Court Opinion

ID: 1338292
Source: CourtListenerOpinion
Date Created: 2013-10-30 05:36:58.473266+00
Date Added: 2024-06-11T09:37:13.292093
License: Public Domain

105 S.E.2d 277 (1958)
249 N.C. 117
DELMAR STUDIOS OF THE CAROLINAS, INC., a Corporation,
v.
J. E. GOLDSTON.
No. 254.
Supreme Court of North Carolina.
October 29, 1958.
*279 E. K. Powe, Durham, for defendant, appellant.
Helms, Mulliss, McMillan & Johnston, Wm. H. Bobbitt, Jr., Charlotte, for plaintiff, appellee.
DENNY, Justice.
The question for determination on this appeal is whether or not the court below committed error in continuing the temporary restraining order until the final determination of the action on its merits.
The defendant's assignments of error numbered 1 through 8 are based on similarly numbered exceptions to the refusal of the court below to find facts as requested by the defendant. These assignments of error are without merit and are, therefore, overruled.
Assignments of error numbered 9 through 15 are based on like numbered exceptions to the court's findings of fact numbered 1, 2, 3, 5, 6, 8 and 9, while assignment of error numbered 16 is based on an exception to the signing of the order continuing the temporary restraining order to the final hearing.

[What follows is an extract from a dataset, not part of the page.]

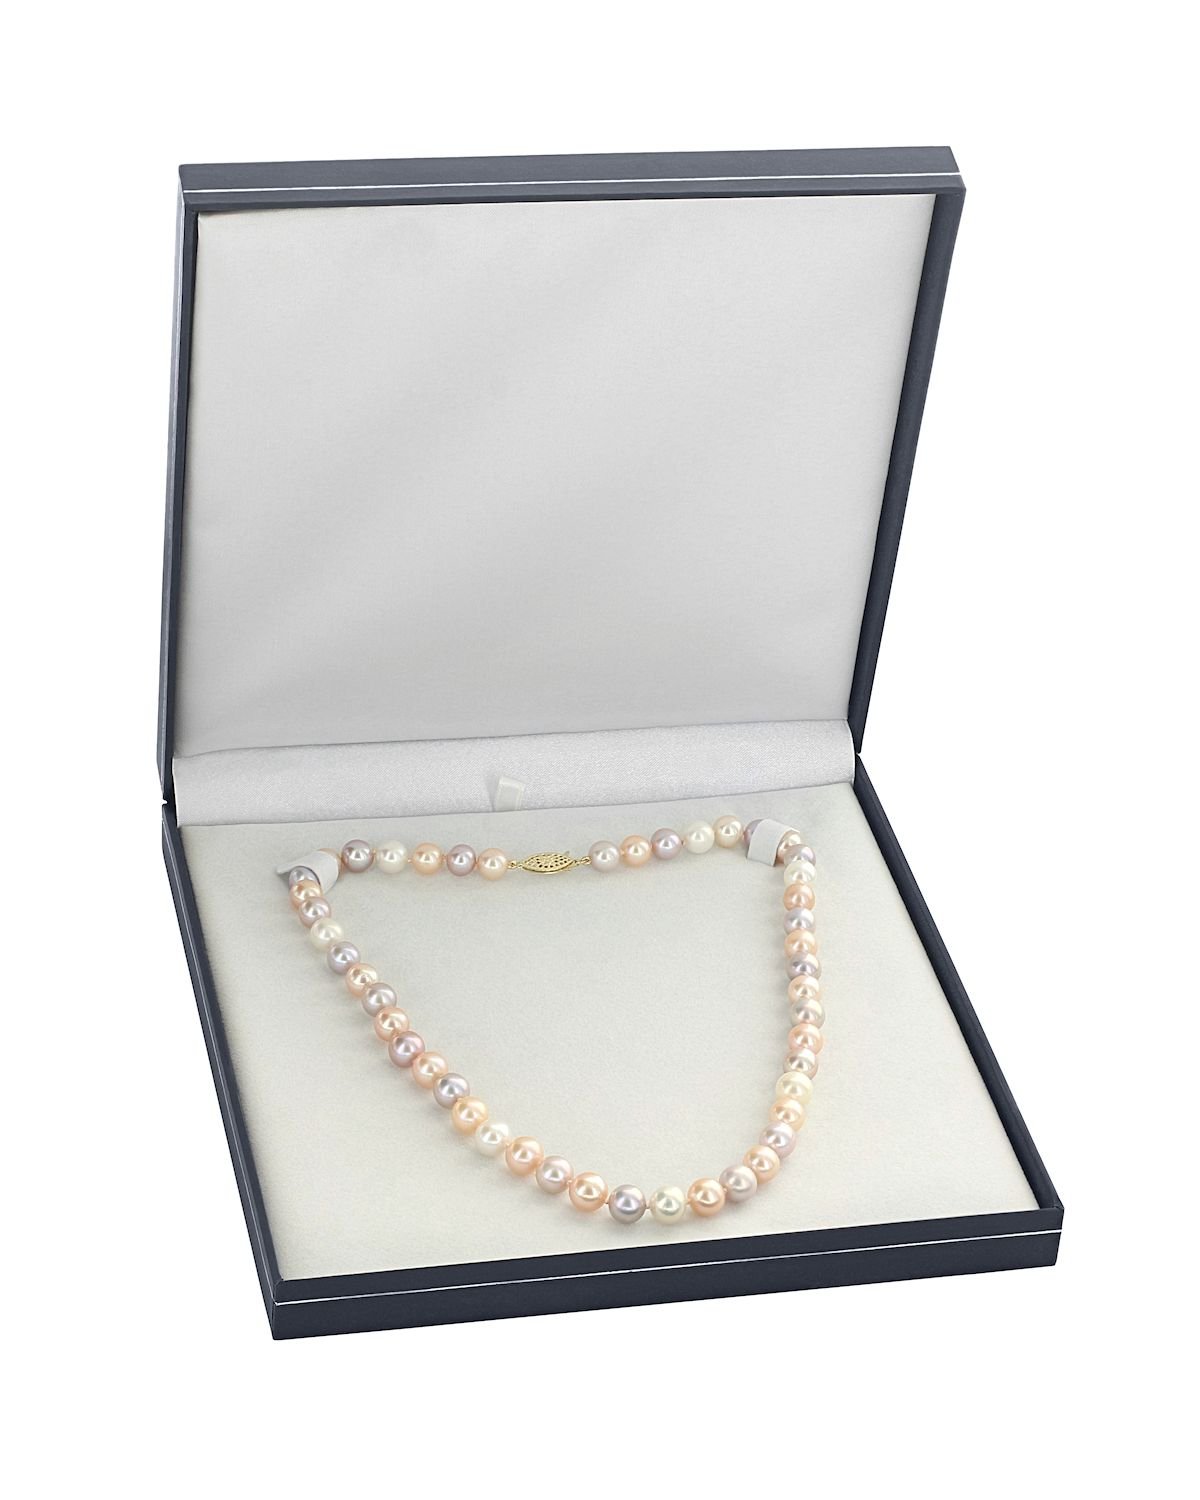 7.0-7.5mm Freshwater Multicolor Pearl Necklace - AAA Quality - Third Image

There is ample evidence to support the findings of fact challenged by the defendant's exceptions and assignments of error. Hence, they are overruled.
In Cobb v. Clegg, 137 N.C. 153, 49 S.E. 80, 82, Walker, J., speaking for the Court, in pointing out the distinction between the old forms of common and special injunctions, said: "If the facts constituting the equity were fully and fairly denied, the injunction was dissolved, unless there was some special reason for continuing it. Not so with a special injunction, which is granted for the prevention of irreparable injury, when the preventive aid of the court of equity is the ultimate and only relief sought, and is the primary equity involved in the suit. In the case of special injunctions the rule is not to dissolve upon the coming in of the answer, even though it may deny the equity, but to continue the injunction to the hearing, if there is probable cause for supposing that the plaintiff will be able to maintain his primary equity, and there is a reasonable apprehension of irreparable loss unless it remains in force, or if, in the opinion of the court it appears reasonably necessary to protect the plaintiff's right until the controversy between him and the defendant can be determined. It is generally proper, when the parties are at issue concerning the legal or equitable right, to grant an interlocutory injunction to preserve the right in statu quo until the determination of the controversy, and especially is this the rule when the principal relief sought is in itself an injunction, because a dissolution of a pending interlocutory injunction, or the refusal of one, upon application therefor in the first instance, will virtually decide the case upon its merits, *280 and deprive the plaintiff of all remedy or relief, even though he should be afterwards able to show ever so good a case." Scott v. Gillis, 197 N.C. 223, 148 S.E. 315; Boone v. Boone, 217 N.C. 722, 9 S.E.2d 383; Lance v. Cogdill, 238 N.C. 500, 78 S.E.2d 319; Roberts v. Town of Cameron, 245 N.C. 373, 95 S.E.2d 899.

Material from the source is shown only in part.